Leila played delicately with a piece of bread.

‘As a matter of fact,’ she admitted, ‘I did take a tiny peep once. I thought I owed it to myself. But they were all nonsense. You couldn’t make a word of them.’

‘Were they in a foreign language?’’

‘Well, I don’t know. They were all in printing letters and some of the words hadn’t any vowels in them at all.

You couldn’t possibly pronounce them.’

‘It sounds like a cipher,’ suggested Antoine.

‘Yes, that’s: just what I thought. I did think it was terribly, funny.’

‘But surely,’ said Harriet, ‘an ordinary blackmailer wouldn’t write letters in cipher.’

‘Oh, but why shouldn’t they? I mean, they might have been a gang, you know, like in that story, The Trail of the Purple Python. Have you read it? The Purple Python was a Turkish millionaire, and he had a secret house full of steel-lined rooms and luxurious divans and obelisks-’

‘Obelisks?’

‘Well you know. Ladies who weren’t quite respectable.

And he had agents in every country in Europe, who bought up compromising letters and he wrote to his victims in cipher and signed his missives with a squiggle in purple ink. Only the English detective’s young lady found out his secret by disguising herself as an obelisk and the detective who was really Lord Humphrey Chillingfold arrived with the police just in time to rescue her from the loathsome

embrace of the Purple Python. It was a terribly exciting book. Paul read lots of books like that — I expect he was trying to pick up ideas for getting the better of the gang. He liked the talkies too. Of course, in those stories, the hero always comes out on top, only poor dear Paul wasn’t really a bit like a hero. I said to him: one day, “It’s all very well,’ I said, “but I can’t see you venturing into a Chinese opium den full of gangsters, with a pistol in your pocket, and being gassed and sandbagged and then throwing off your bonds and attacking the Underworld King with an electric lamp. You’d be afraid of getting hurt,” I said to him.

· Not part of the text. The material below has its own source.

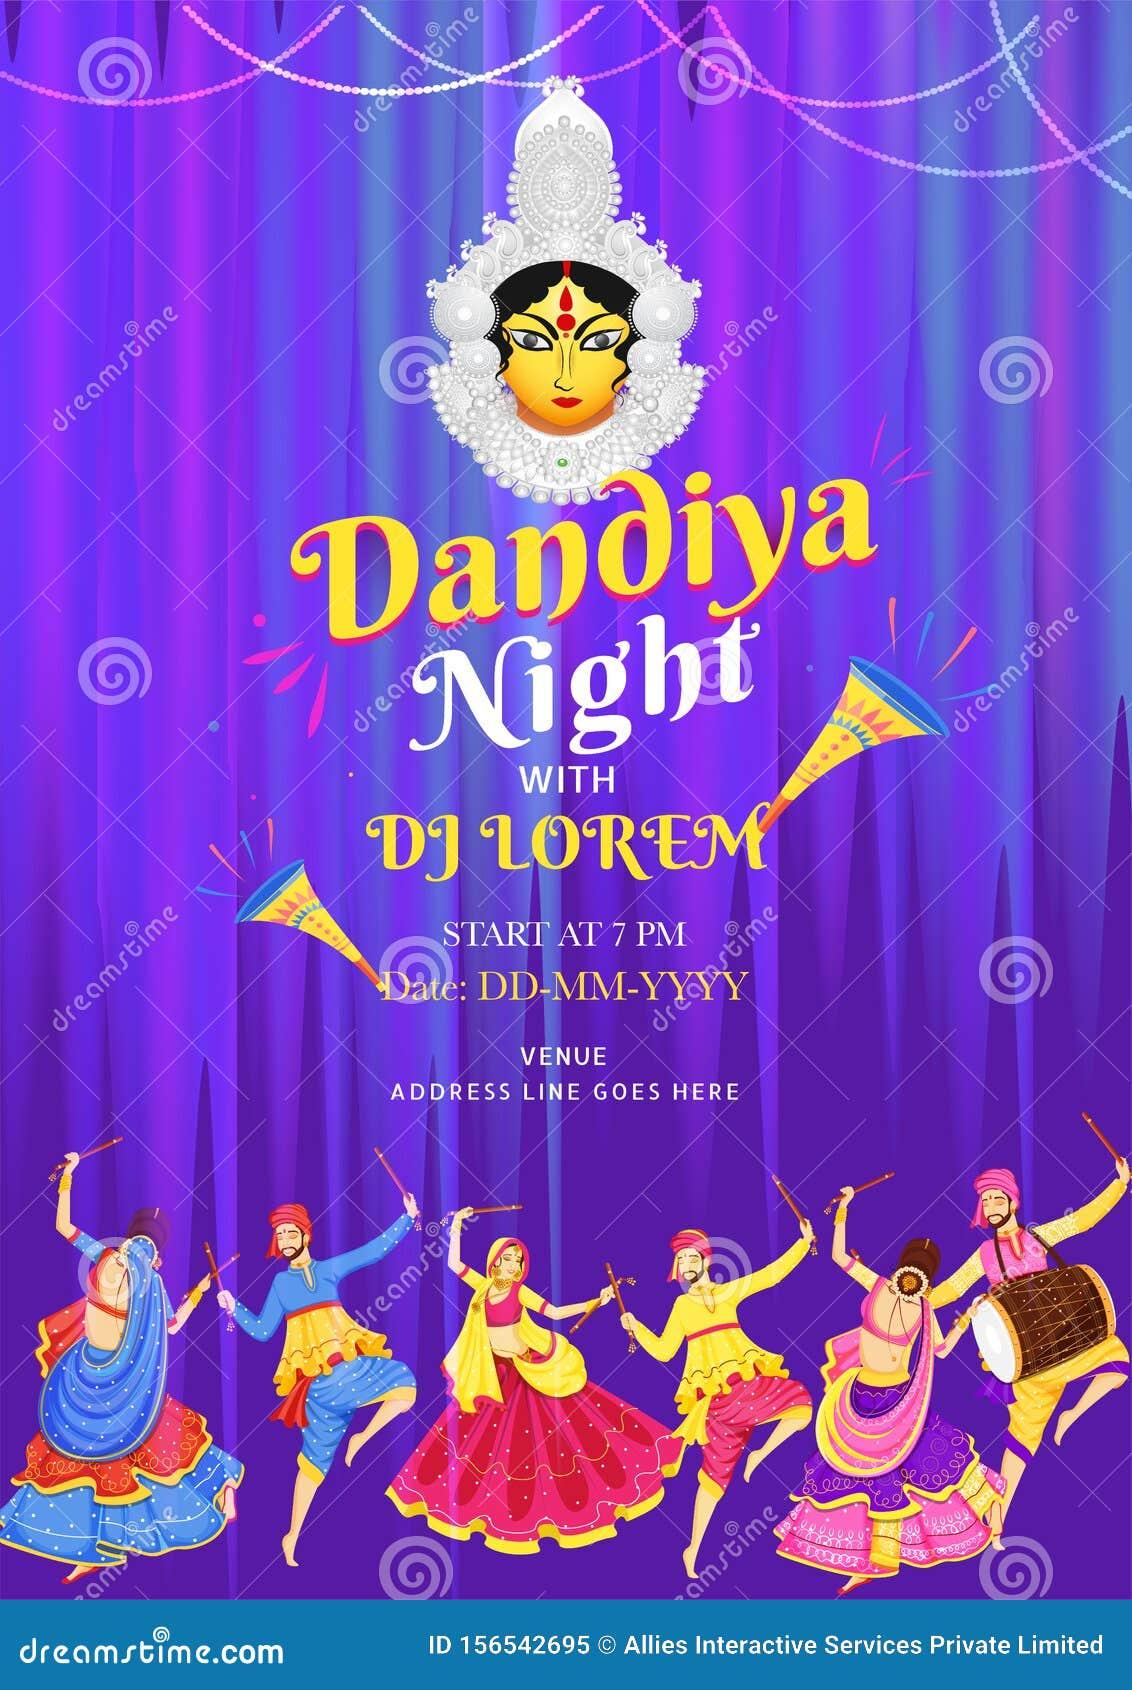 Dandiya Night Dj Party Invitation Card Design With

And so he would.’

Mr da Soto snickered appreciatively.

‘You said a mouthful, honey. Poor Alexis was a friend of mine, but courage was just what he didn’t have. I told him, if he didn’t stand out of my way; and let little Leila pick her own sweetie, I would give him a sock on the jaw. I give you my word, he was scared stiff.’

‘So he was,’ said Leila. ‘Of course, a girl couldn’t feel any respect for a man that didn’t stand up for. himself.’

‘Remarkable!’ said Antoine. ‘And this young man, so timid, so complaisant, cuts his throat with a big, ugly gash because you turn him down. C’est inoui.’

‘I suppose you believe his Bolshie story,’ said Leila, offended.

‘I? I believe nothing. I am agnostic. But I say that your portrait of Alexis is not very logical.’

‘Antoine always talks about logic,’ said Leila, ‘but what I say is, people aren’t logical. Look at all the funny things they do. Especially men. I always think men are terribly inconsistent?

‘You bet they are,’ said Mr da Soto. ‘You’re just dead right, sweetest. They have to be, or they wouldn’t be bothered with naughty little girlies like you.’

‘Yes, but the letters,’ said Harriet, sticking desperately to her point. ‘How often did they come?’

‘About once a week, sometimes oftener. He kept them locked up in a little box. He used to answer them, too.

Sometimes, when I went round to see him, he’d have his door locked, and old Ma Lefranc said he was writing letters and wasn’t to be disturbed. Naturally, a girl doesn’t like her gentleman friend to behave like that. I mean, you do expect him to pay a little attention to you and not shut himself up writing letters when you come to see him. I mean, it wasn’t the sort of thing you could expect a girl to put up with.’